Closed jbosboom closed 6 years ago
Since v1.4.2, I haven't encountered this. Have you? (I also looked for timestamps or similar in the PDF, but couldn't find any.)
I am still seeing this behavior with svgtiler 1.5.0 and Inkscape 0.92.2 5c3e80d, 2017-08-06
.
I'm busy with the deadline right now but I'll try to reduce a test case for you after.
Or at least let me know an example on our repo where this occurs. (I've tried some xlsx's but not all.) I assume you're running on Linux?
I generated vertical_dominoes_Literal Unset.pdf
twice and diffed them. They differ in only four bytes. I used qpdf's "qdf mode" to get a text representation of the PDFs and diffed those. They differ only in the timestamp shown below.

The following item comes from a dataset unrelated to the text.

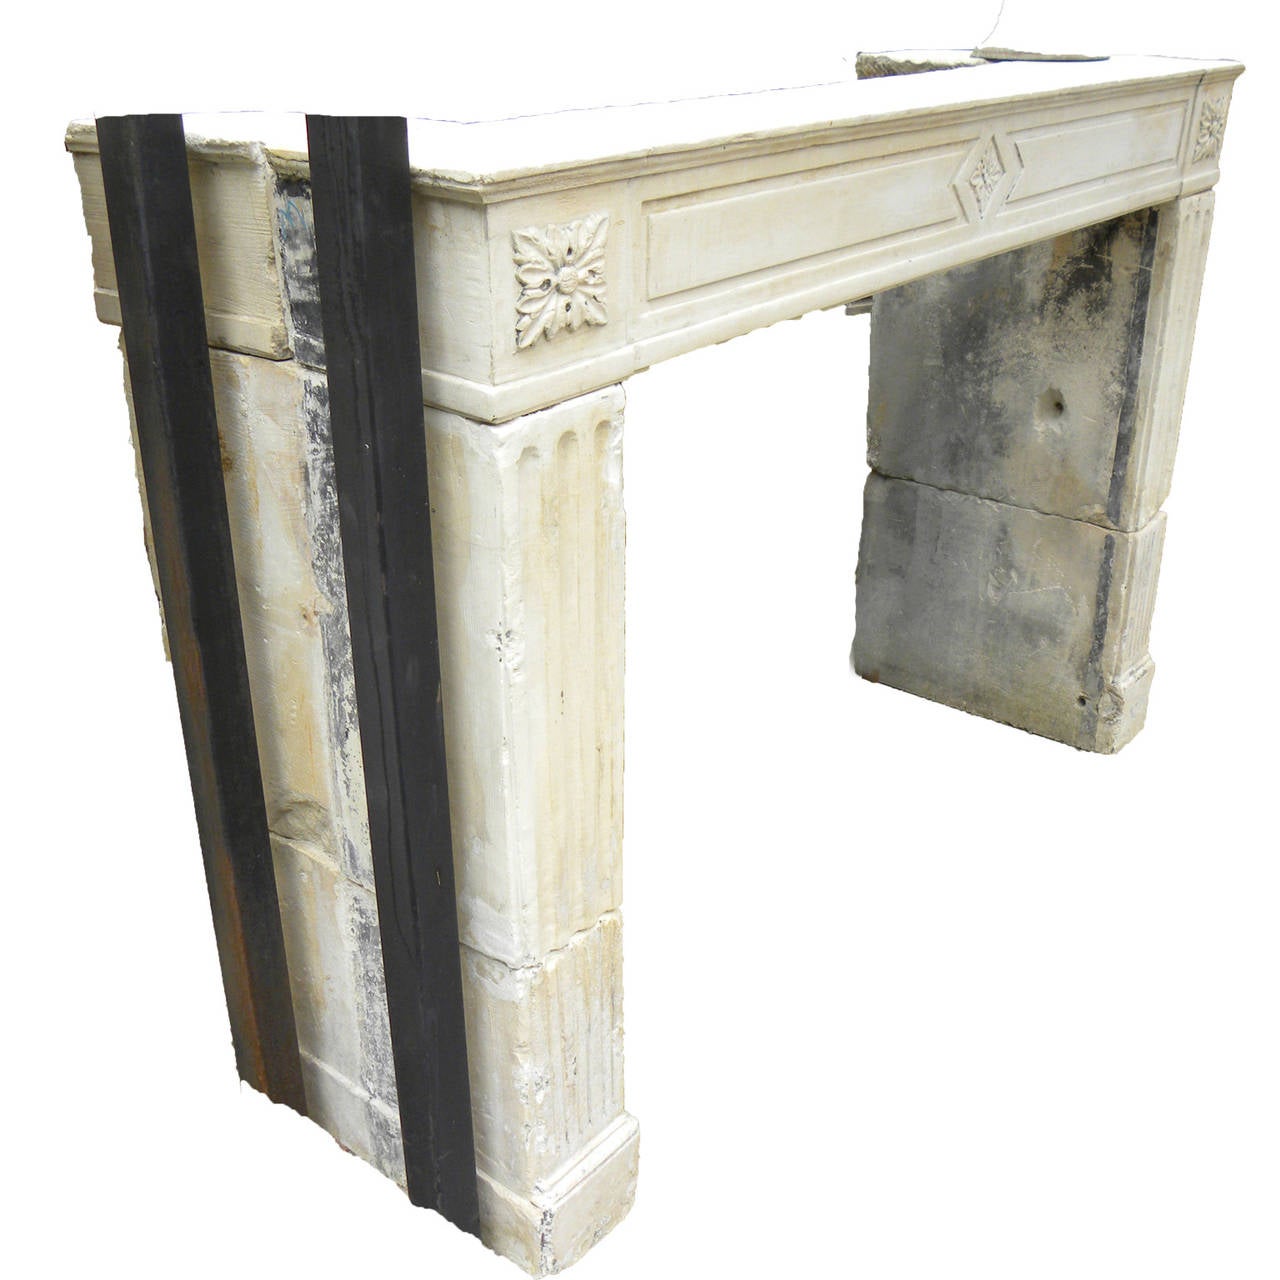 Antique French Limestone fireplace. This Louis XVI style fireplace is handcrafted in limestone. This limestone fireplace is in good condition and from the 18th century. Beautiful Mantel with carved accents along the face of the Mantel as well as the

--- old-text.pdf 2018-02-22 20:53:12.399383687 -0500
+++ new-text.pdf 2018-02-22 20:53:57.618647915 -0500
@@ -13,7 +13,7 @@
%% Original object ID: 6 0
2 0 obj
<<
- /CreationDate (D:20180222204225-05'00)
+ /CreationDate (D:20180222204251-05'00)
/Producer (cairo 1.15.10 \(http://cairographics.org\))
>>
endobj
(They also differ in /ID
, but this seems to be automatically generated by qpdf because it changes if I add --deterministic-id
to the qpdf command line. The /ID
is a 16-byte value, but there were only four bytes of difference in the PDF files.)
Yes, this is on Arch Linux. Maybe Inkscape uses a different backend (not cairo) on other platforms.
Due to the impending deadline I'm going to just commit the differing files anyway, but now you've something to go on.
I'm using Inkscape 0.91 r13725 on Ubuntu which uses Cairo 1.14.6.
You seem to be using a different (later?) version of Inkscape which uses Cairo 1.15.10. So I'm guessing that newer Inkscapes inject the creation date like this. Now that I have an example, I should be able to blank out any such commands.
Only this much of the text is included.